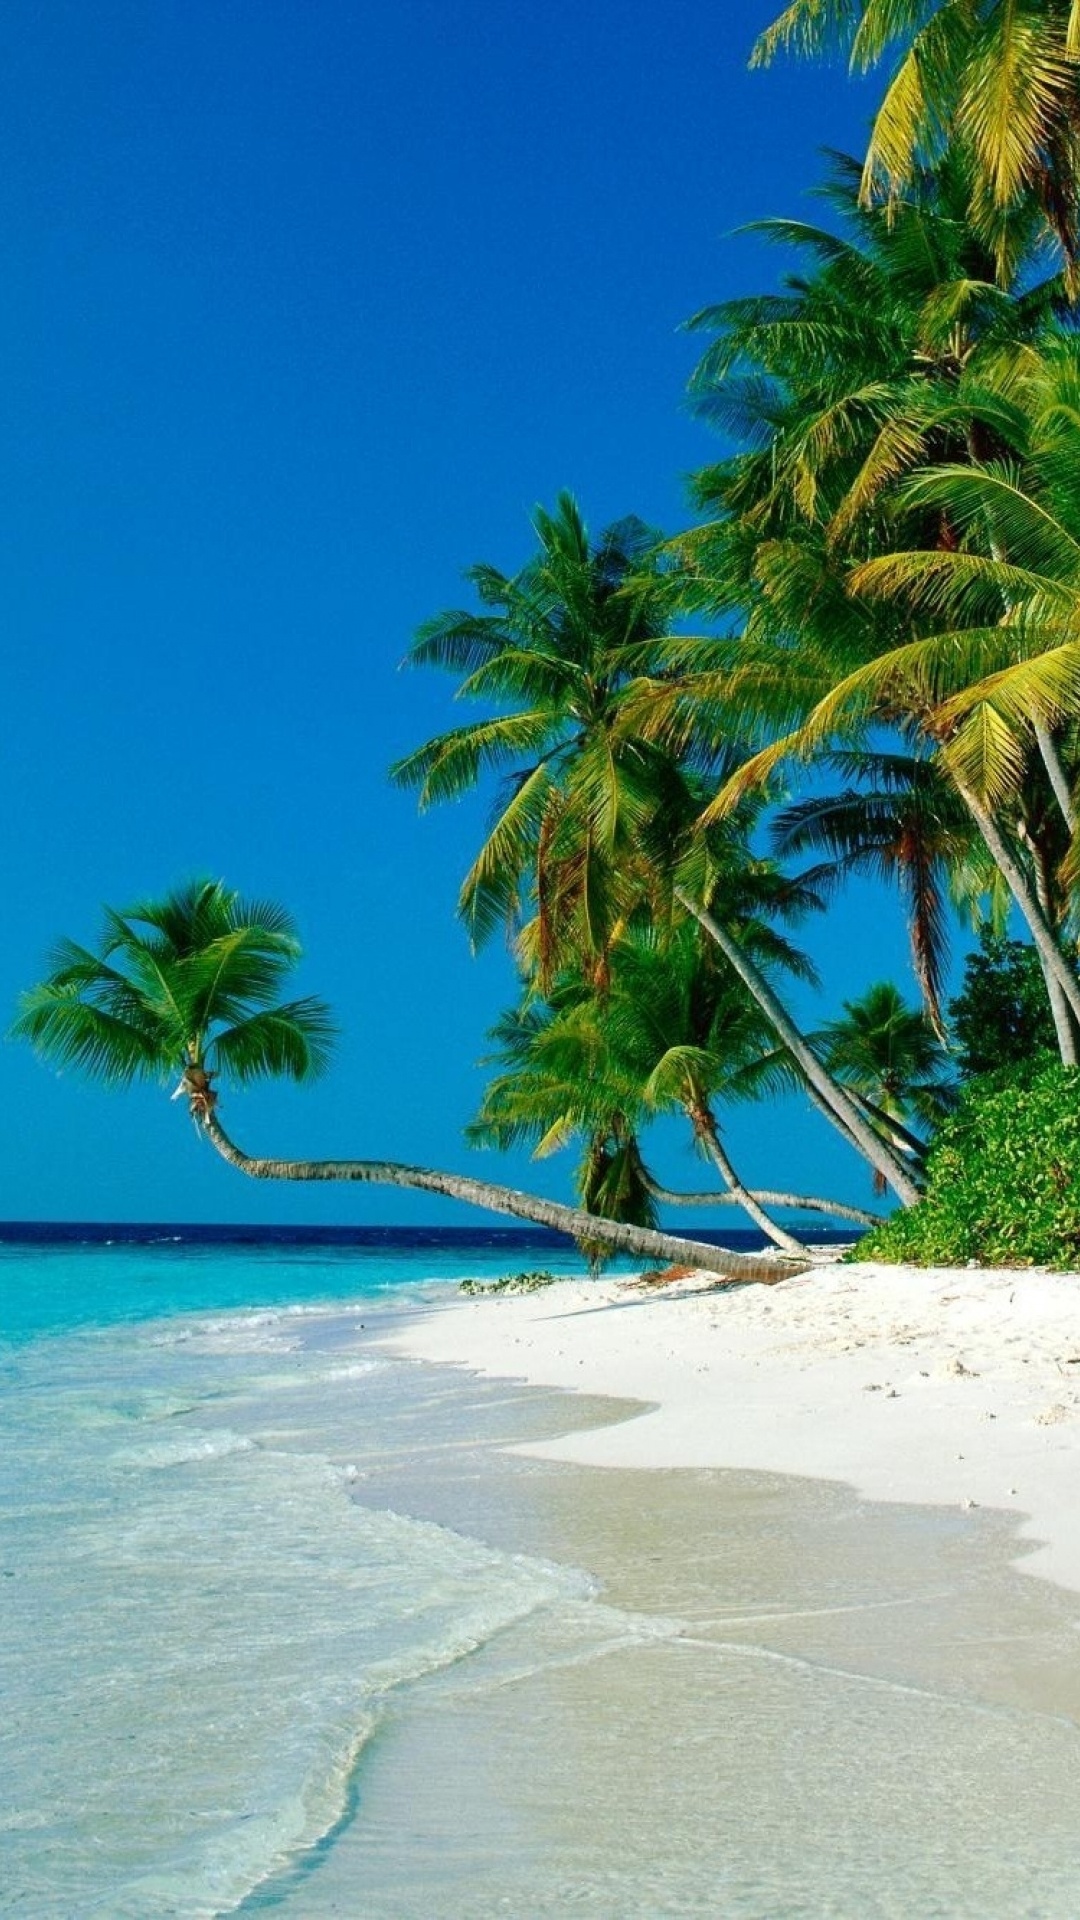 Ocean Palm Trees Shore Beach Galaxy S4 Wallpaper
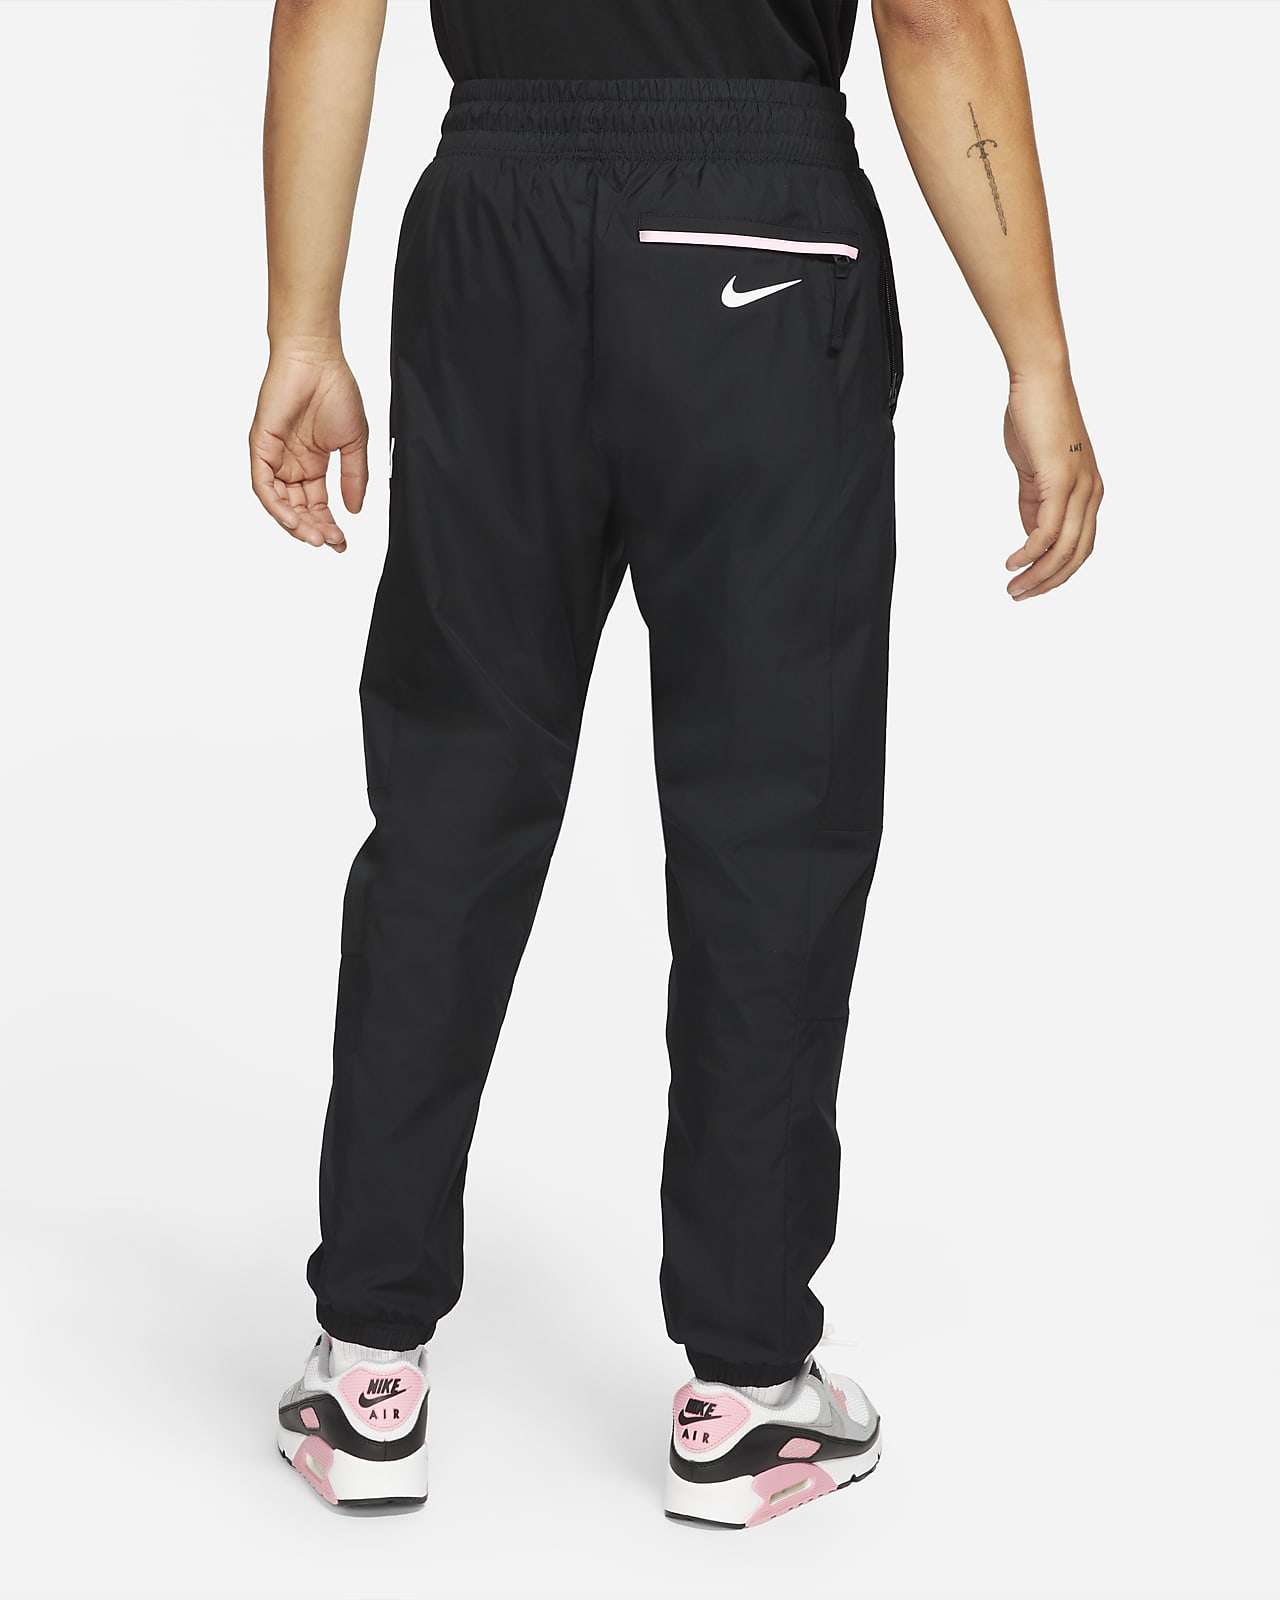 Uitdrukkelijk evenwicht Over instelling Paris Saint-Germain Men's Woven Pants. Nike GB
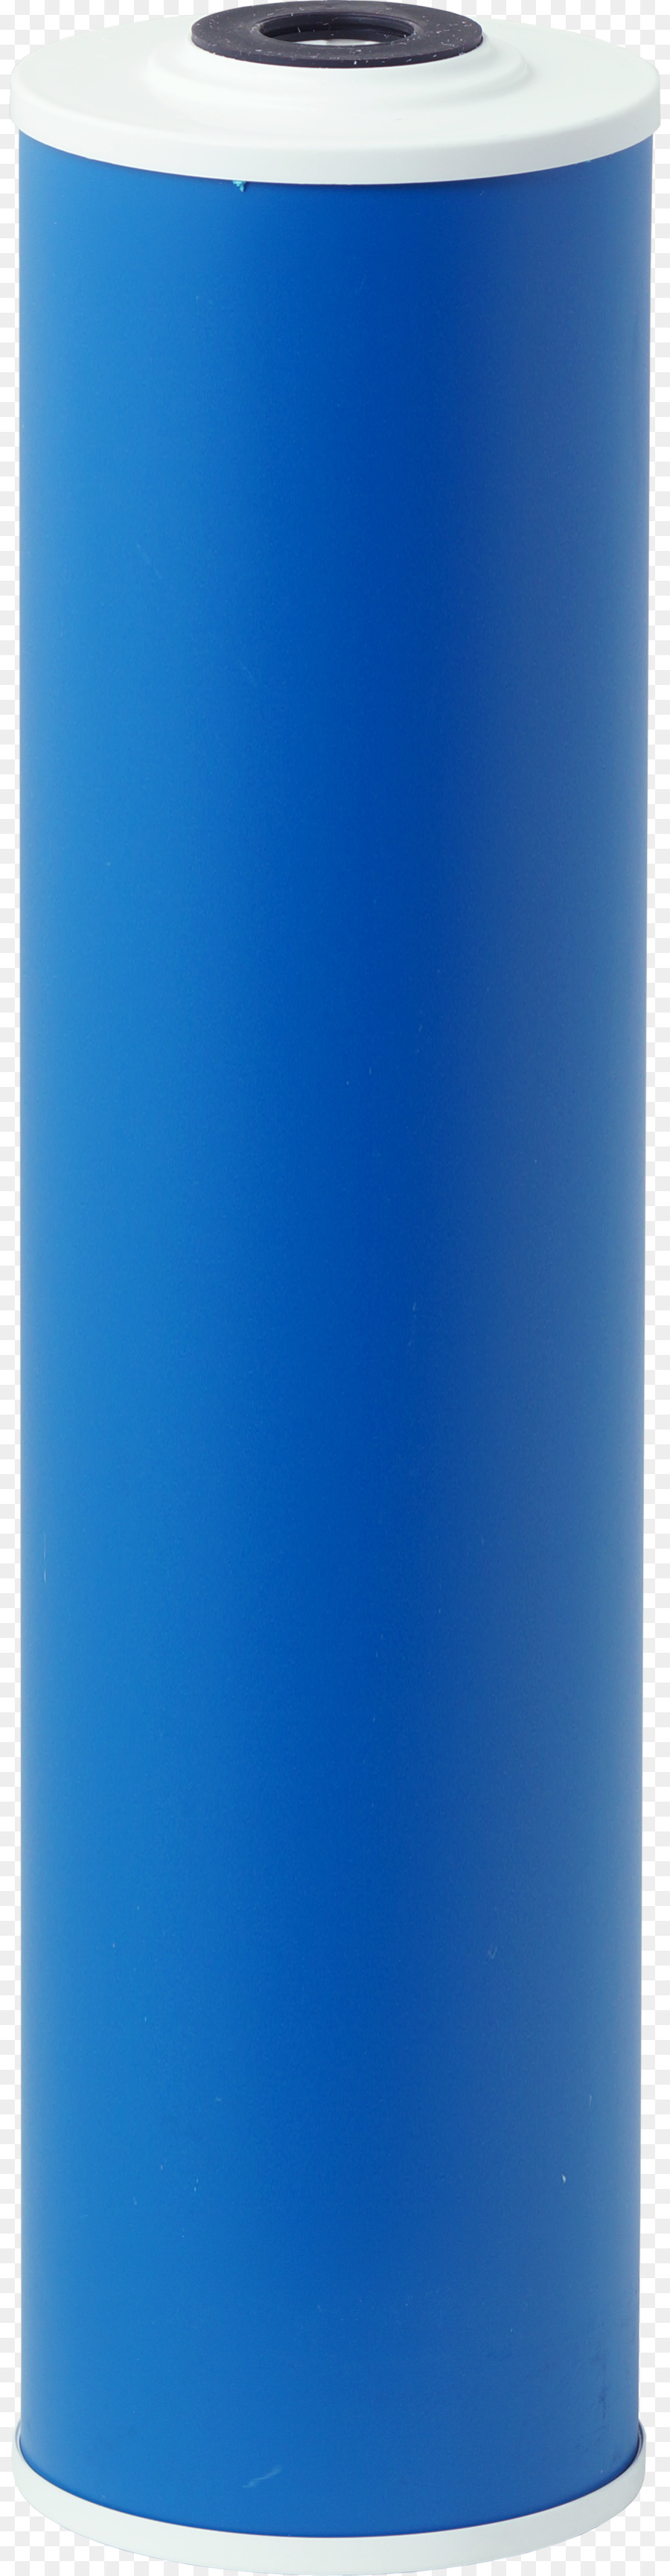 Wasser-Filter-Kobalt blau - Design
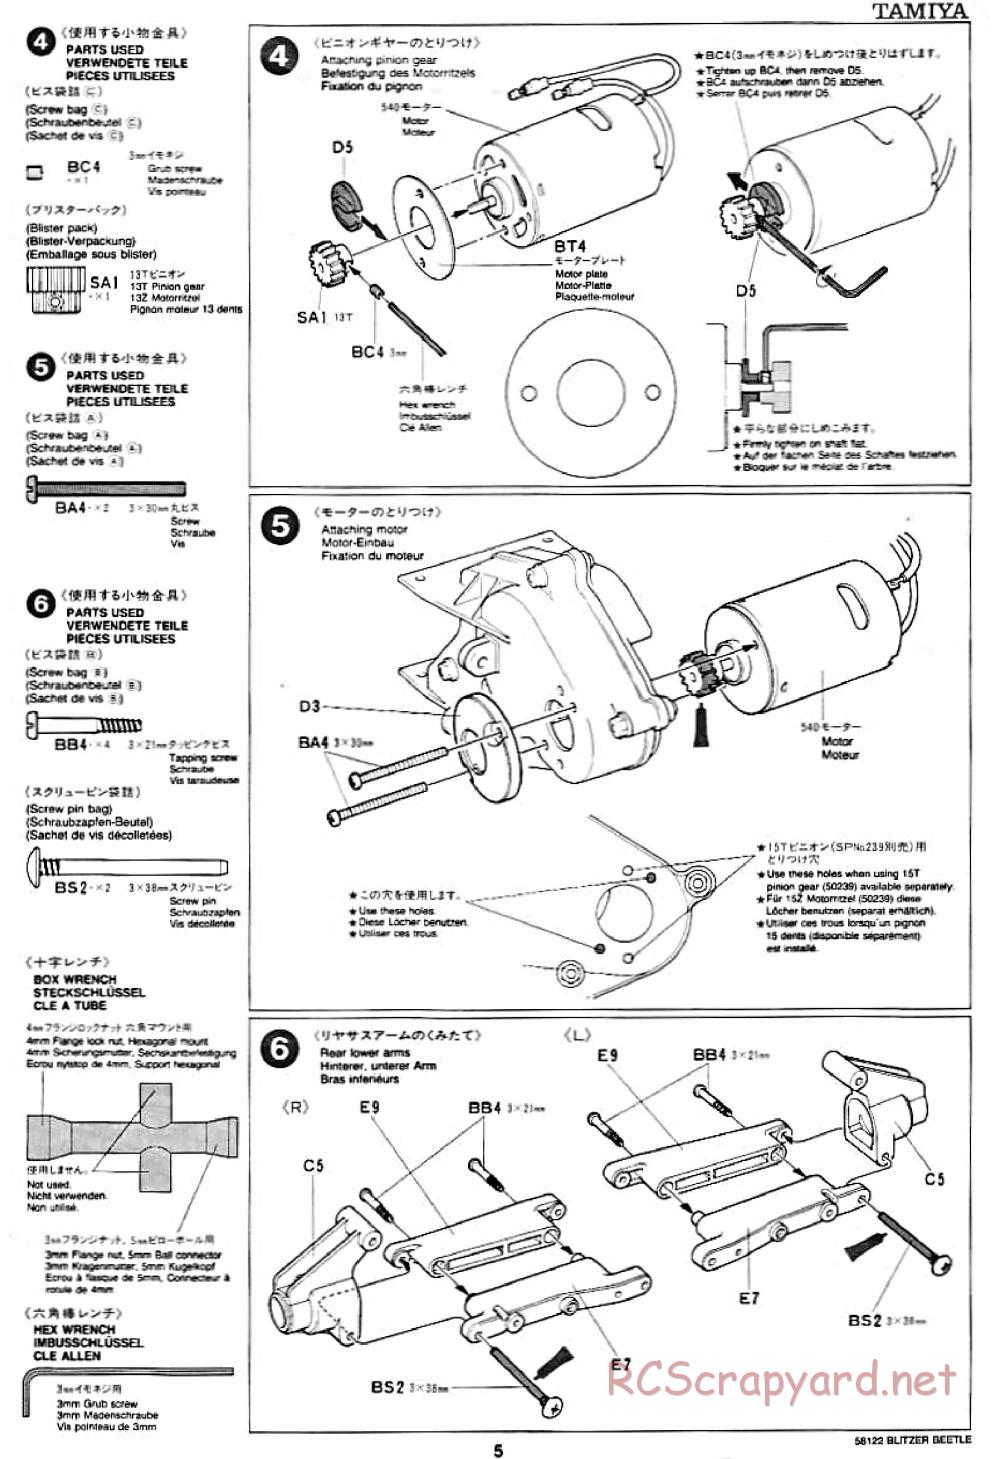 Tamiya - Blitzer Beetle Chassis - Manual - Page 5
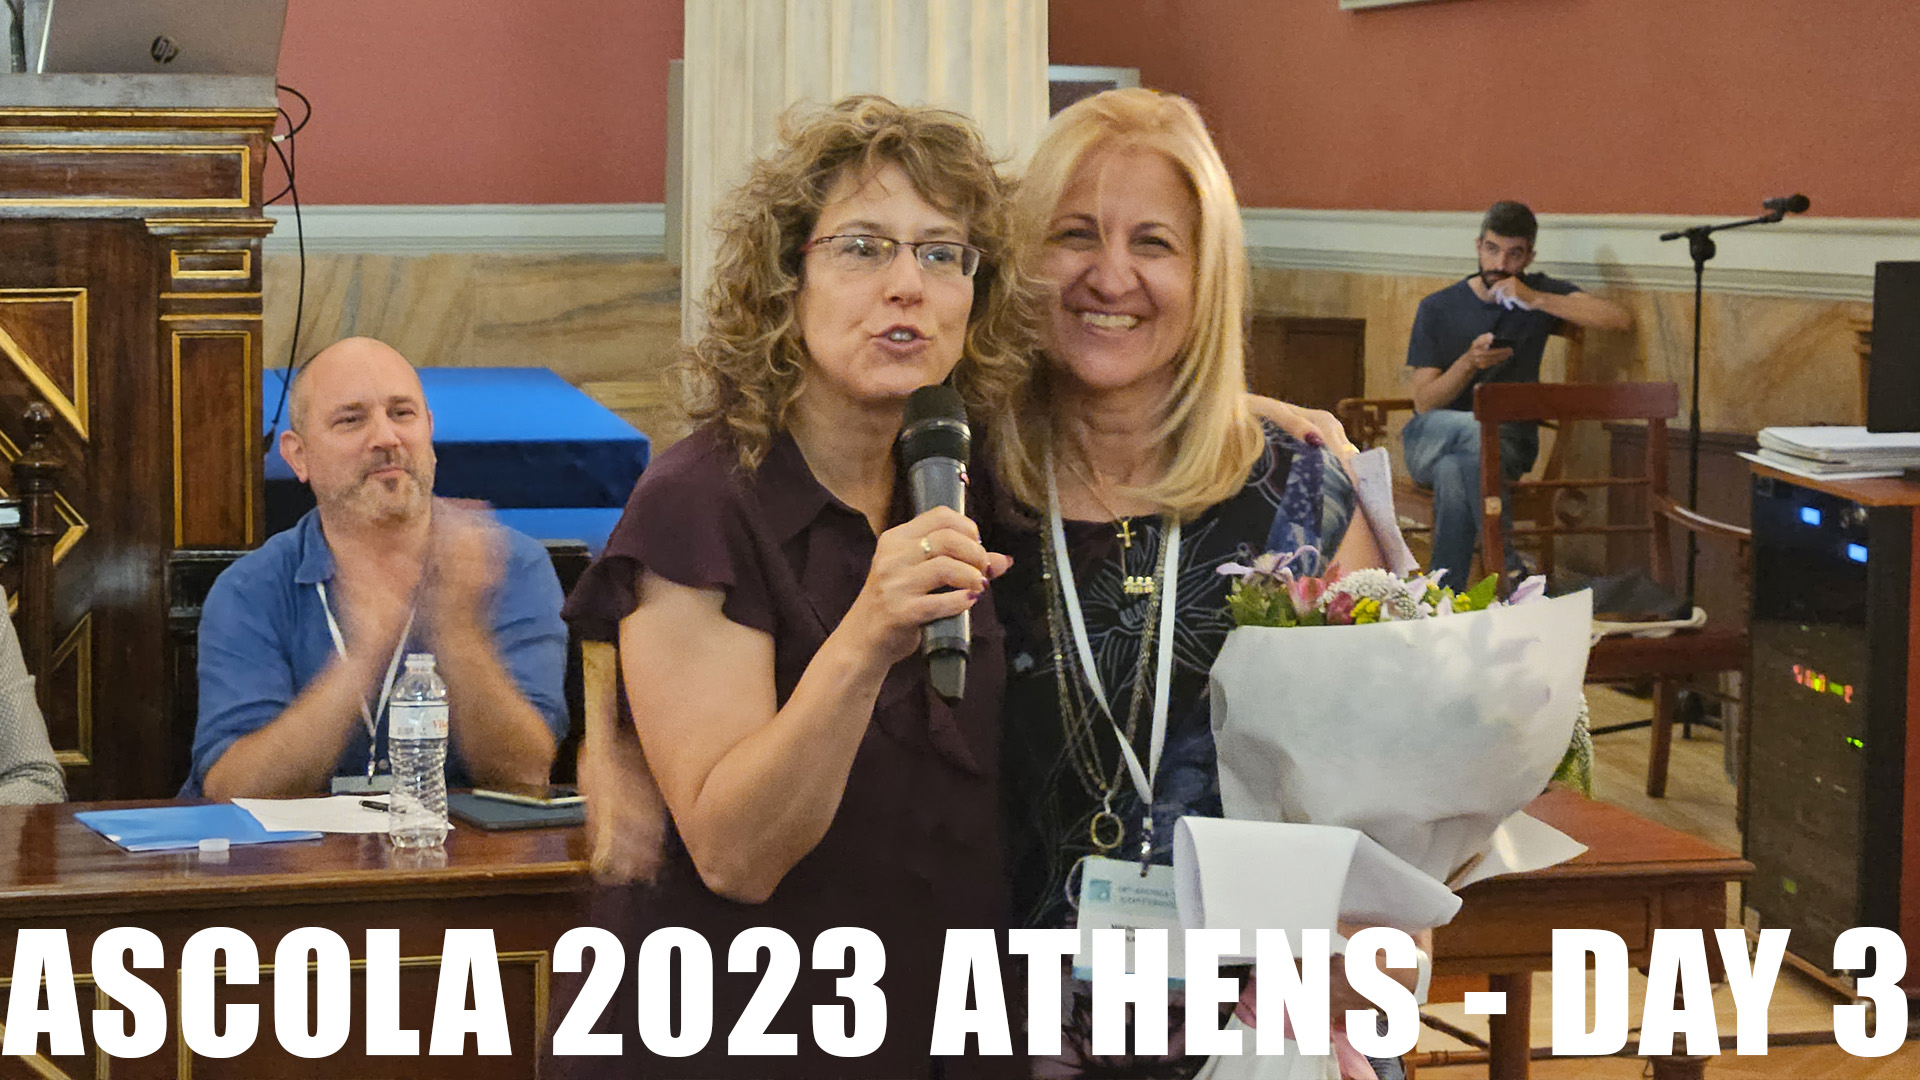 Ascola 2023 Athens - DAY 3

--- YOUR INSTRUCTIONS ---
For each record above, write out its text exactly and skip any picture.

--- THE ANSWER ---
 Ocean Palm Trees Shore Beach Galaxy S4 Wallpaper
 Uitdrukkelijk evenwicht Over instelling Paris Saint-Germain Men's Woven Pants. Nike GB
 Wasser-Filter-Kobalt blau - Design
 Tamiya - Blitzer Beetle Chassis - Manual - Page 5
 Ascola 2023 Athens - DAY 3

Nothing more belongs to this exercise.